Mortality increase without antibiotics

Antibiotic immunity was a hot topic at this year’s Poultry Meat Conference at Stoneleigh, as Jake Davies found out

Chick losses in the first seven days have increased noticeably since the British Poultry Council introduced a voluntary ban, in January, on the use of the antibiotic Excenel in day-old chicks.

But, according to Graeme Dear, general manager at Aviagen, there is a great deal everyone in the supply chain can do to improve things.

At the beginning of January, Dr Dear had made several predictions about how things would develop: dead-on-arrivals would be the same, but seven-day losses would be higher, as would flock variability.

These predictions have proved to be accurate.

Figures presented by Dr Dear showed that, from January to August, birds dead-on-arrival hadn’t changed compared with the previous three years, at just 0.03%. “Basically chick quality remains exactly what it was,” he said.

But seven-day mortality in the same period came to 2.29%, compared with about 1.1% from 2009-11.

Dr Dear called the use of Excenel “a crutch, for breeders, hatchery, transportation and producers”. Everyone was going to have to “do their bit” to get along without it.

Breeders would have to improve cleanliness, use nest mats and control litter quality better, he said.
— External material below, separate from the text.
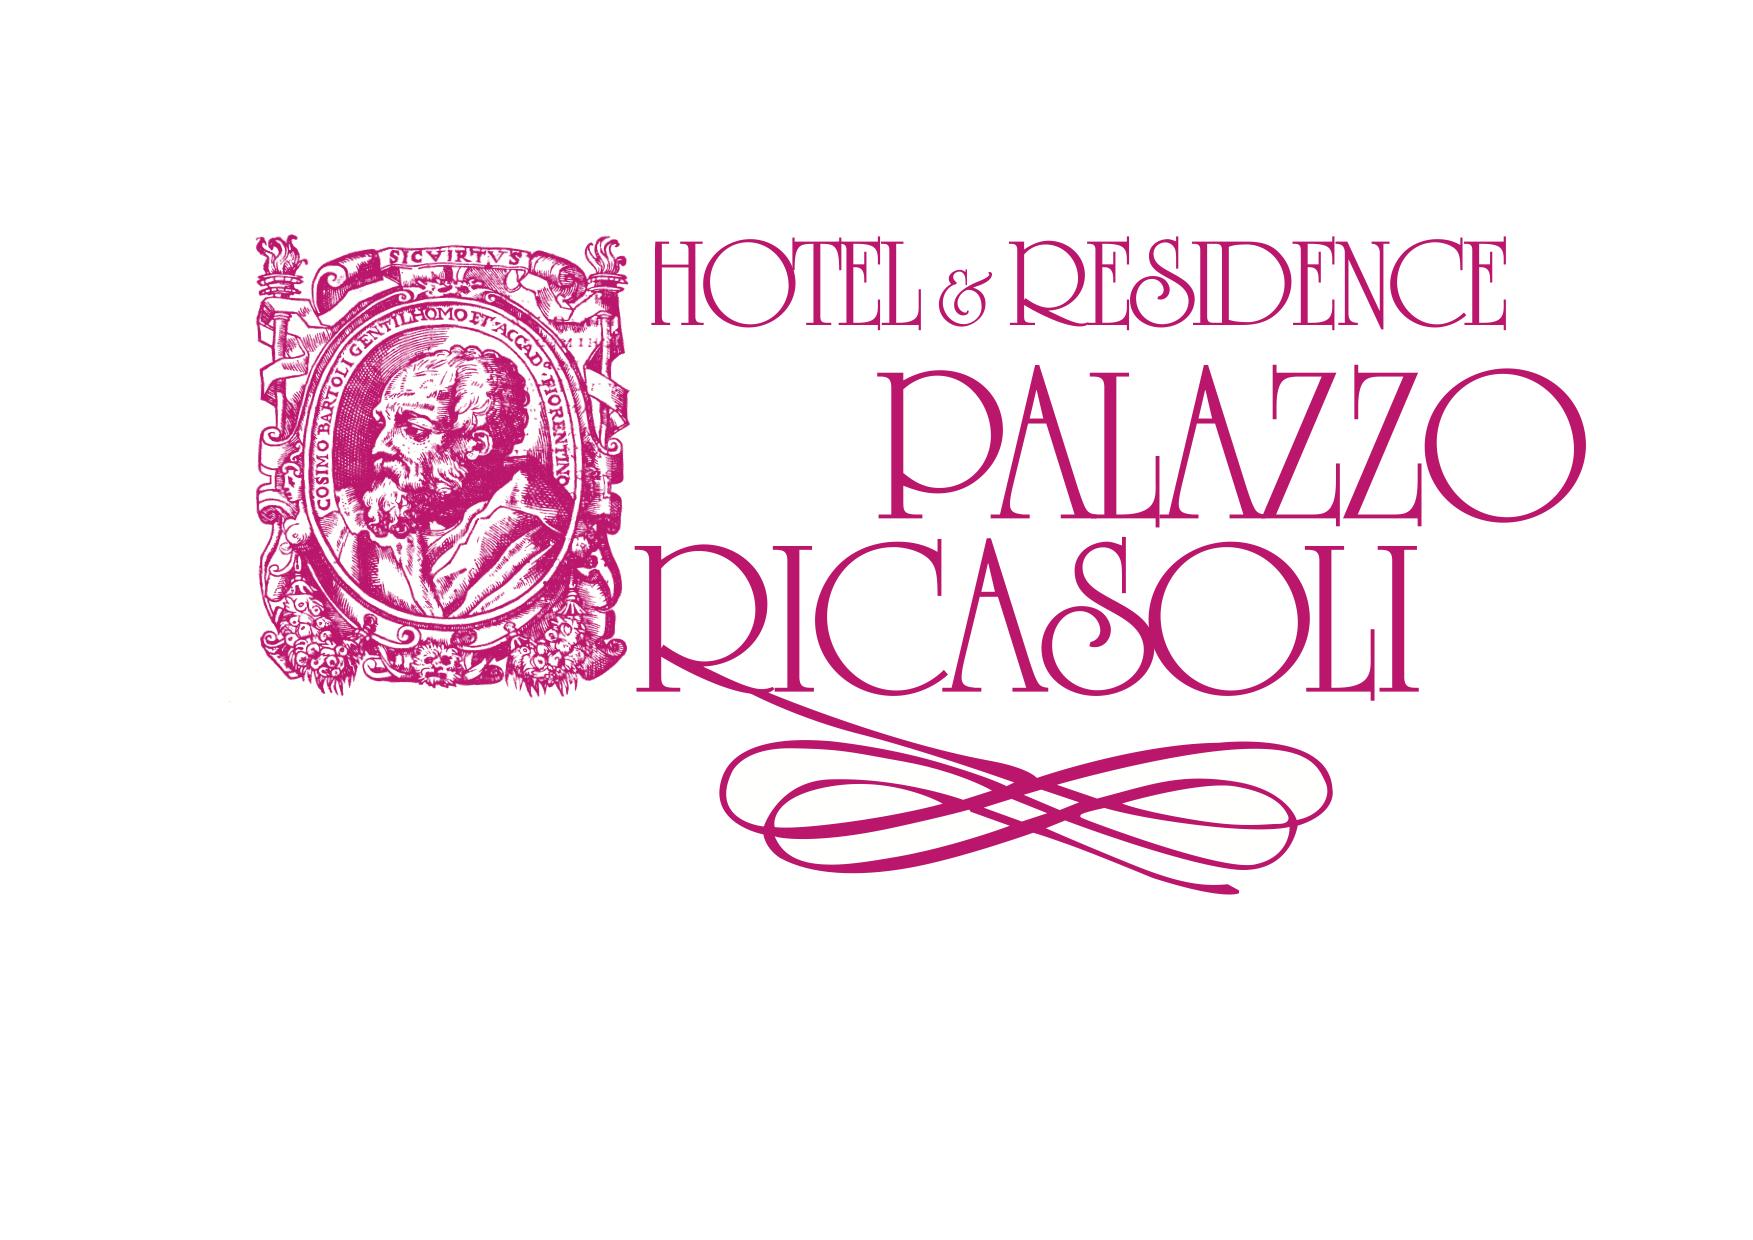 호텔 팔라쪼 리카솔리

And the hatcheries would have to improve their procedures. “Everything we do to the chick – and we’re asked to do more and more – applies stress, and that breaks down its ability to activate its immune system.”
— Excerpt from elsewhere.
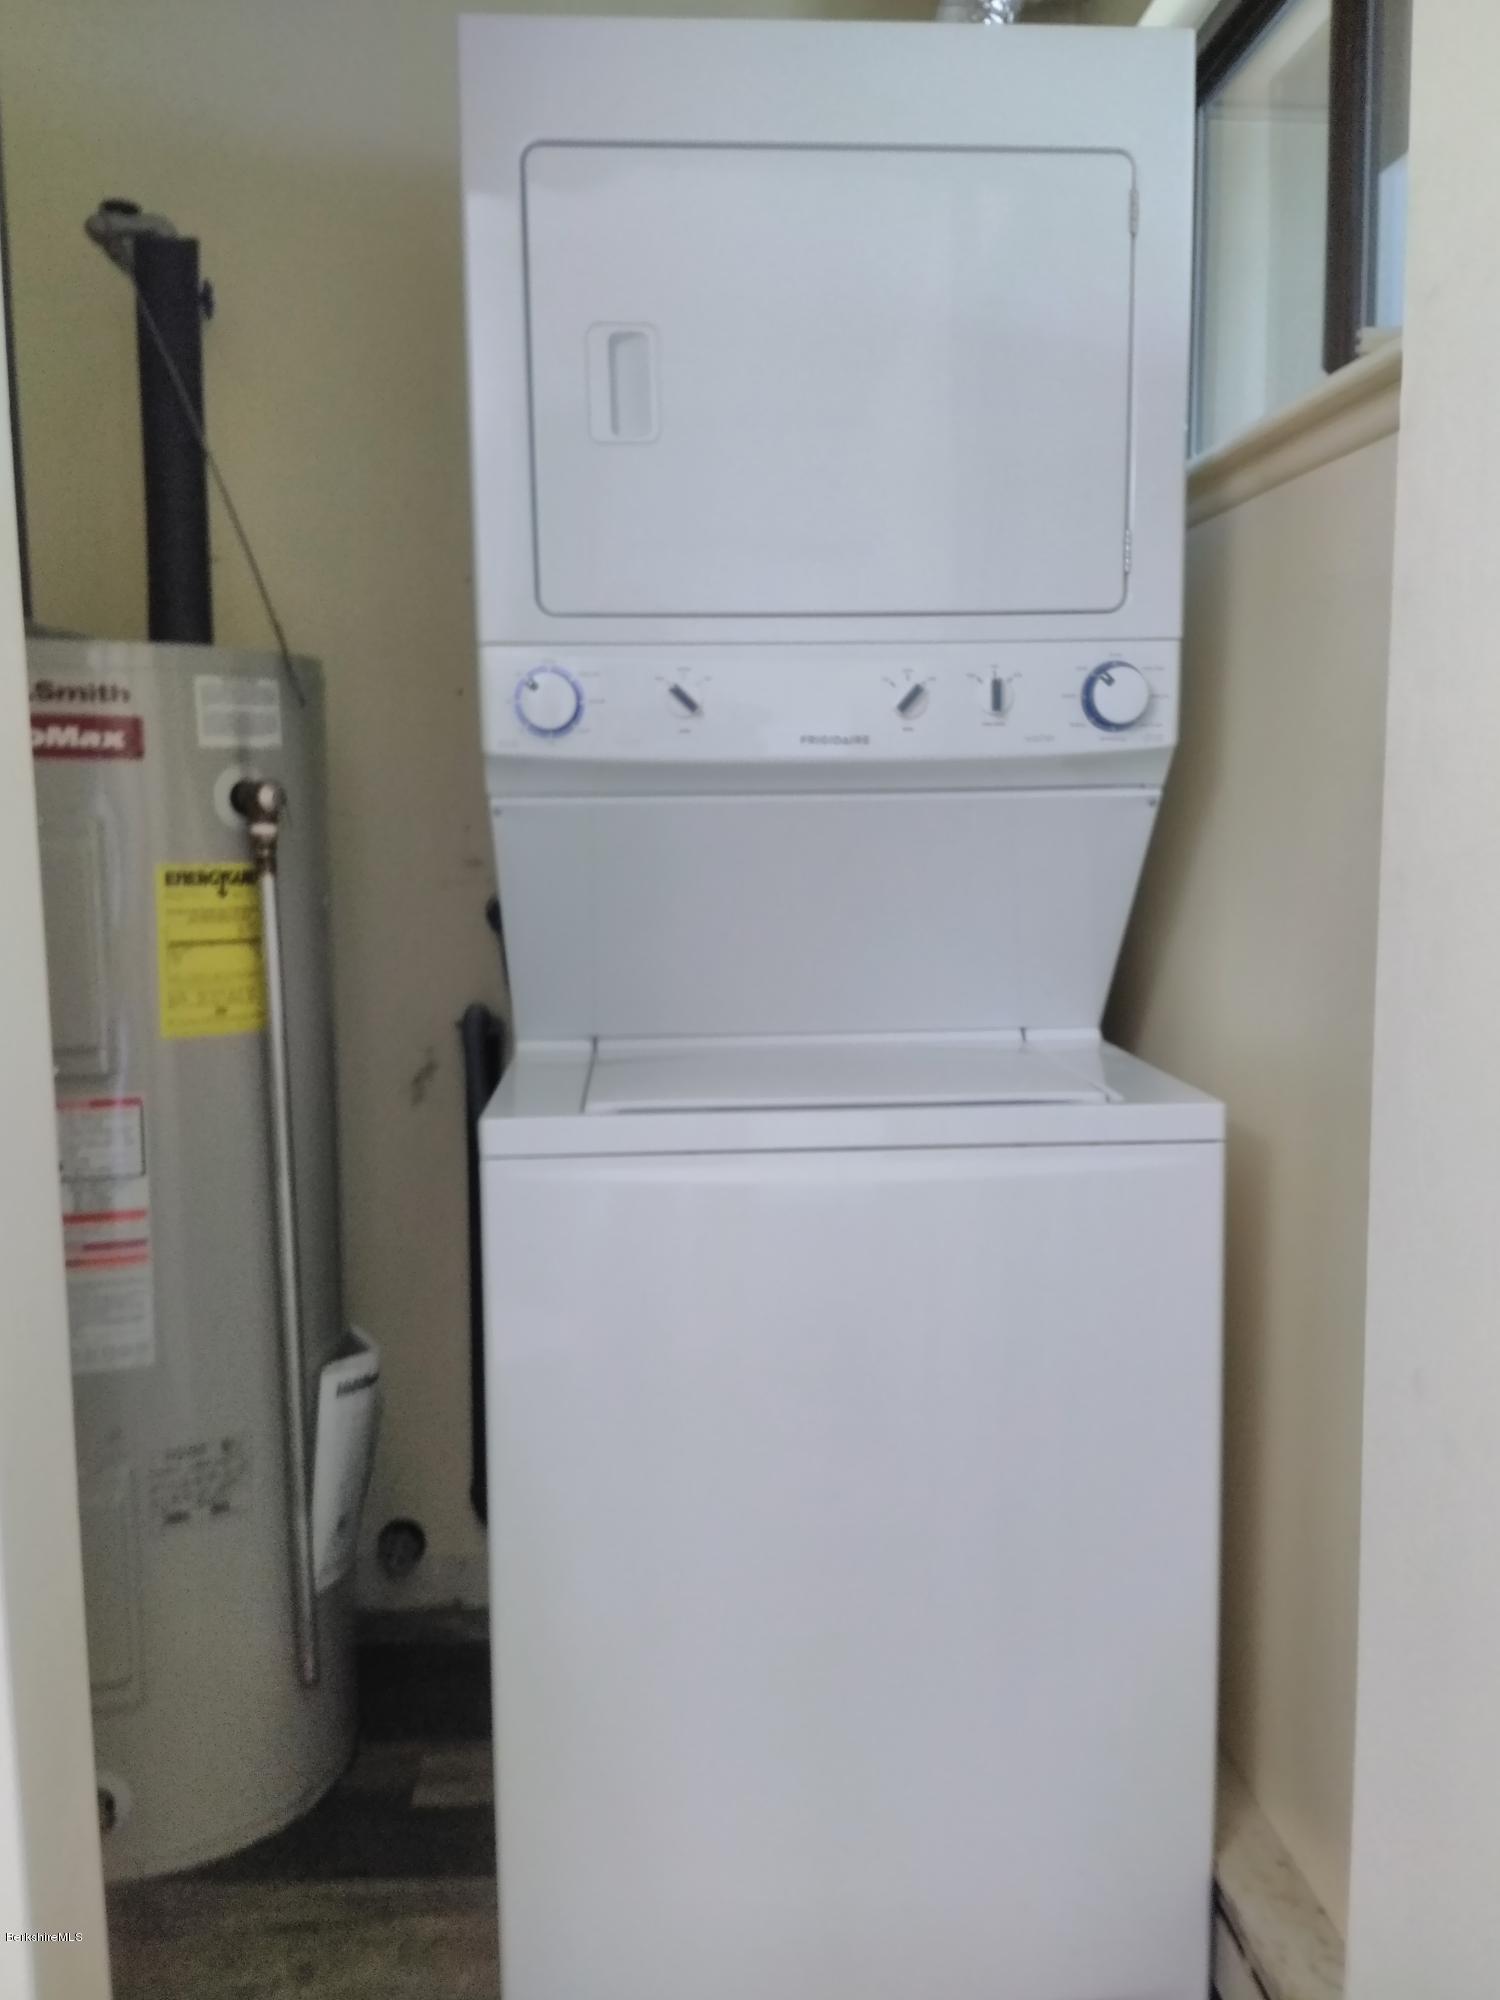 Laundry & hot water tank in 1/2 bath

Speed was of the essence in the transport phase, to get birds on to farms quickly, while farmers needed to optimise brooding conditions and maximise biosecurity.
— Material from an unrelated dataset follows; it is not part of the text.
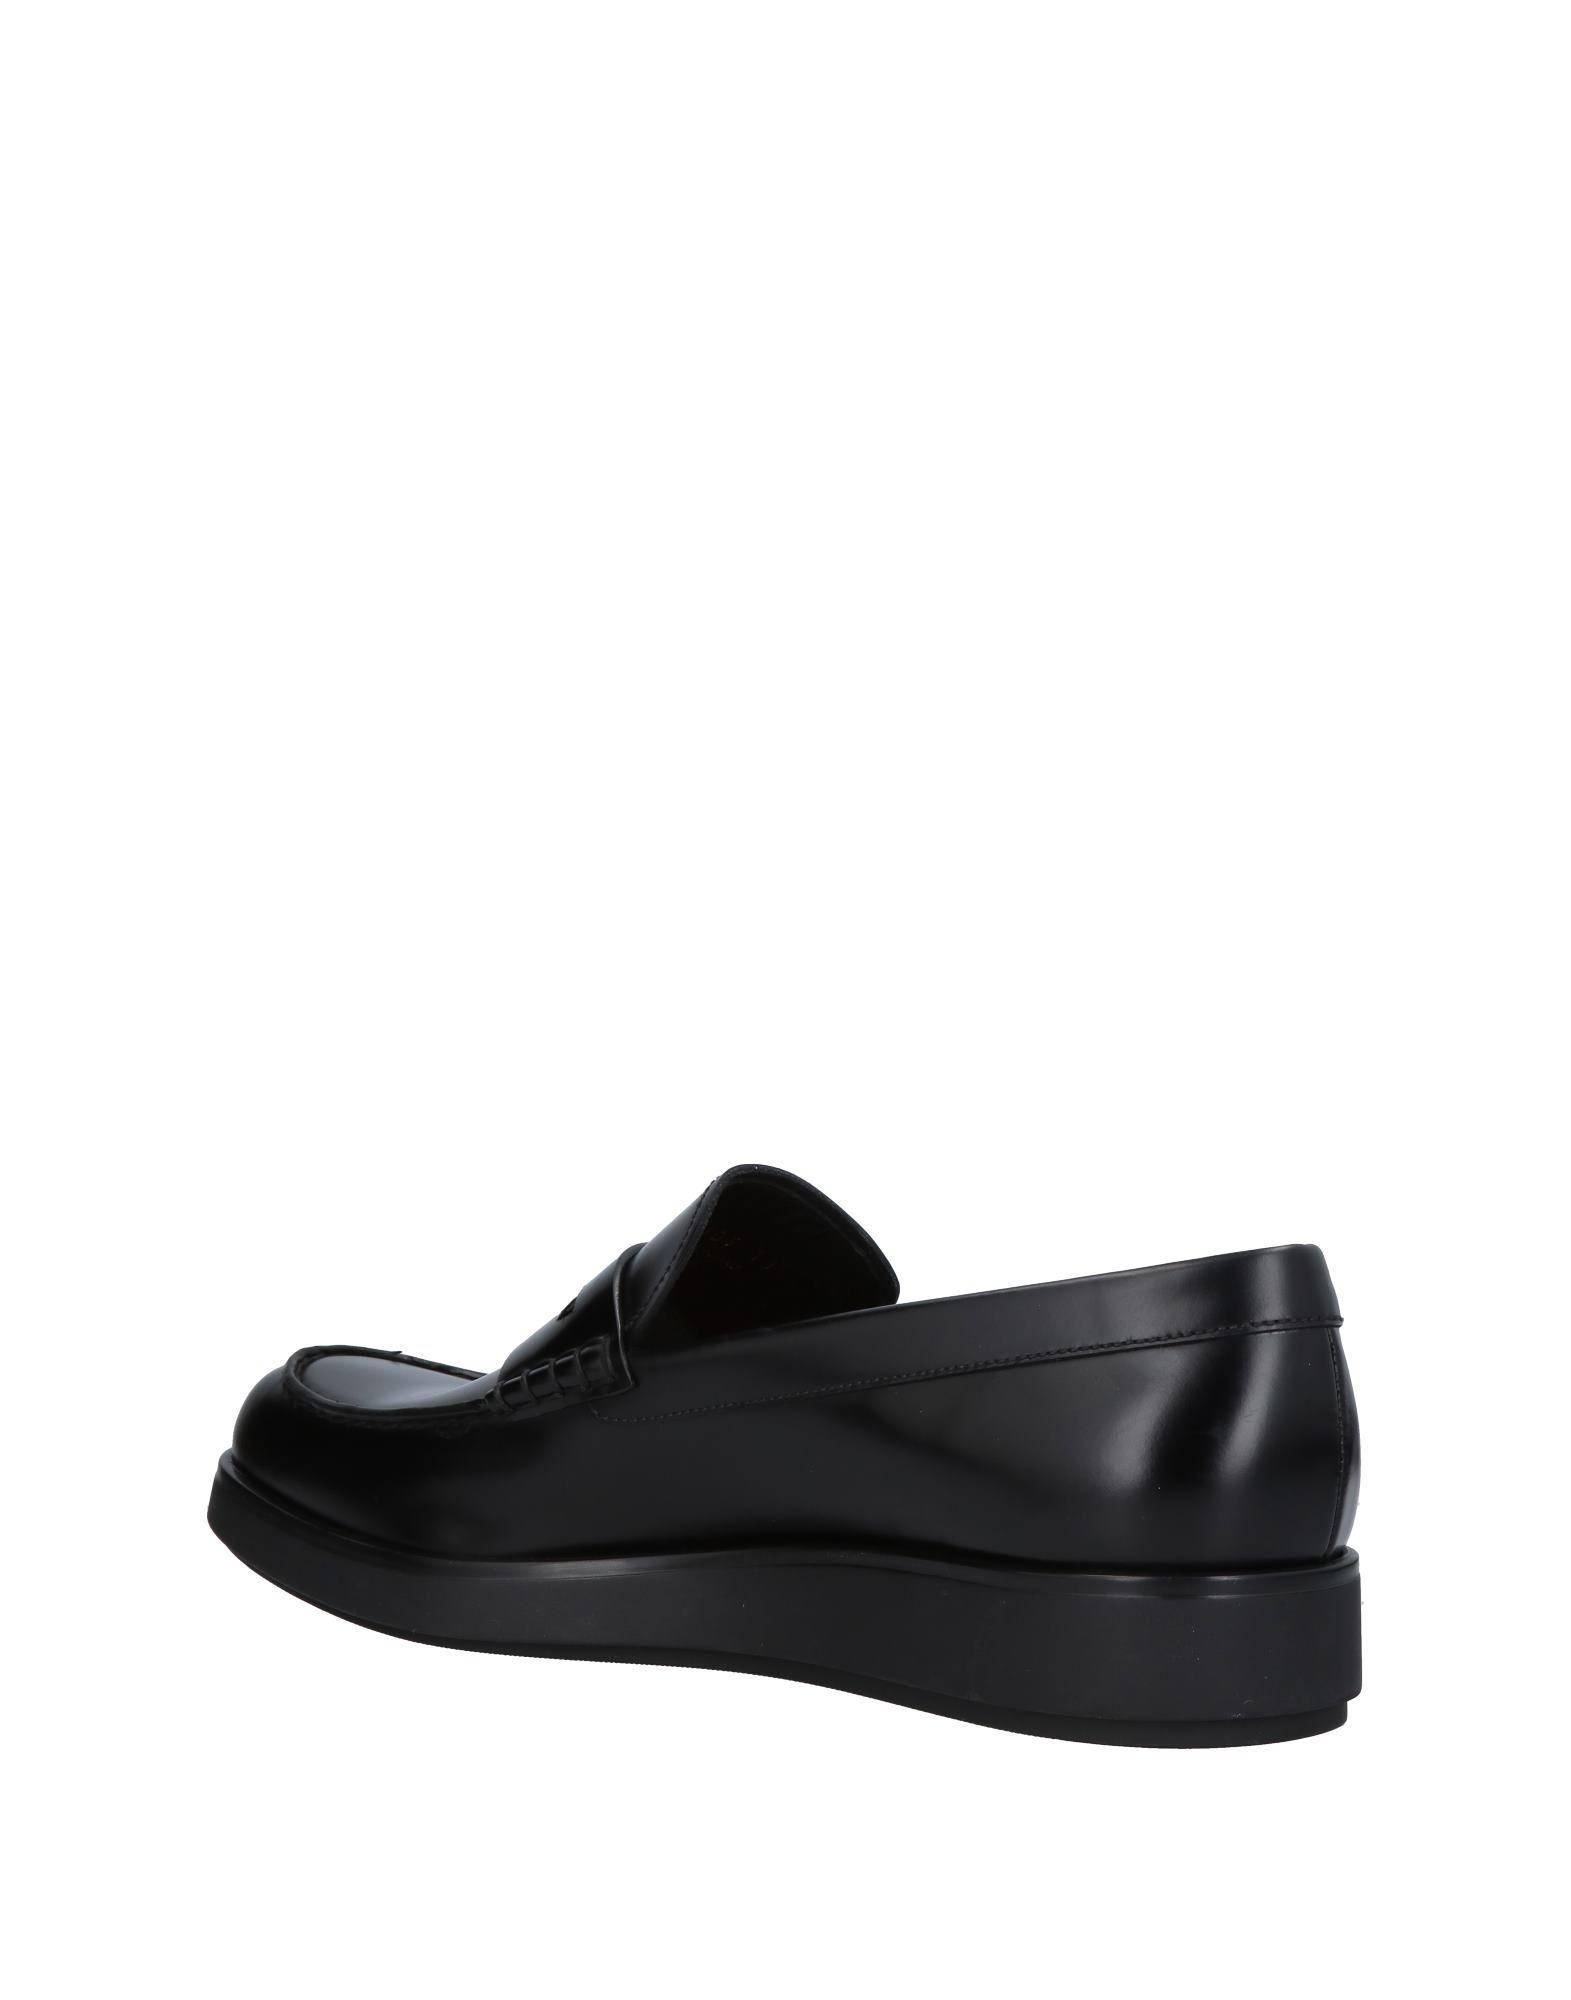 Prada Mokassins Herren  11382531WF Schuhe Gute Qualität beliebte Schuhe 11382531WF 914103

Everyone in the supply chain had to communicate, to keep things running smoothly. “There are no second chances – you haven’t got the safeguard that Excenel provides.”

But Dr Dear was optimistic that things would settle down without Excenel, with seven-day mortality of 1.5-2% becoming the “new norm”.

Swedish figures from 1998-2012 supported this prediction. “In the first few years (without antibiotics) there was a lot of flock-to-flock variability, but things improved,” he said.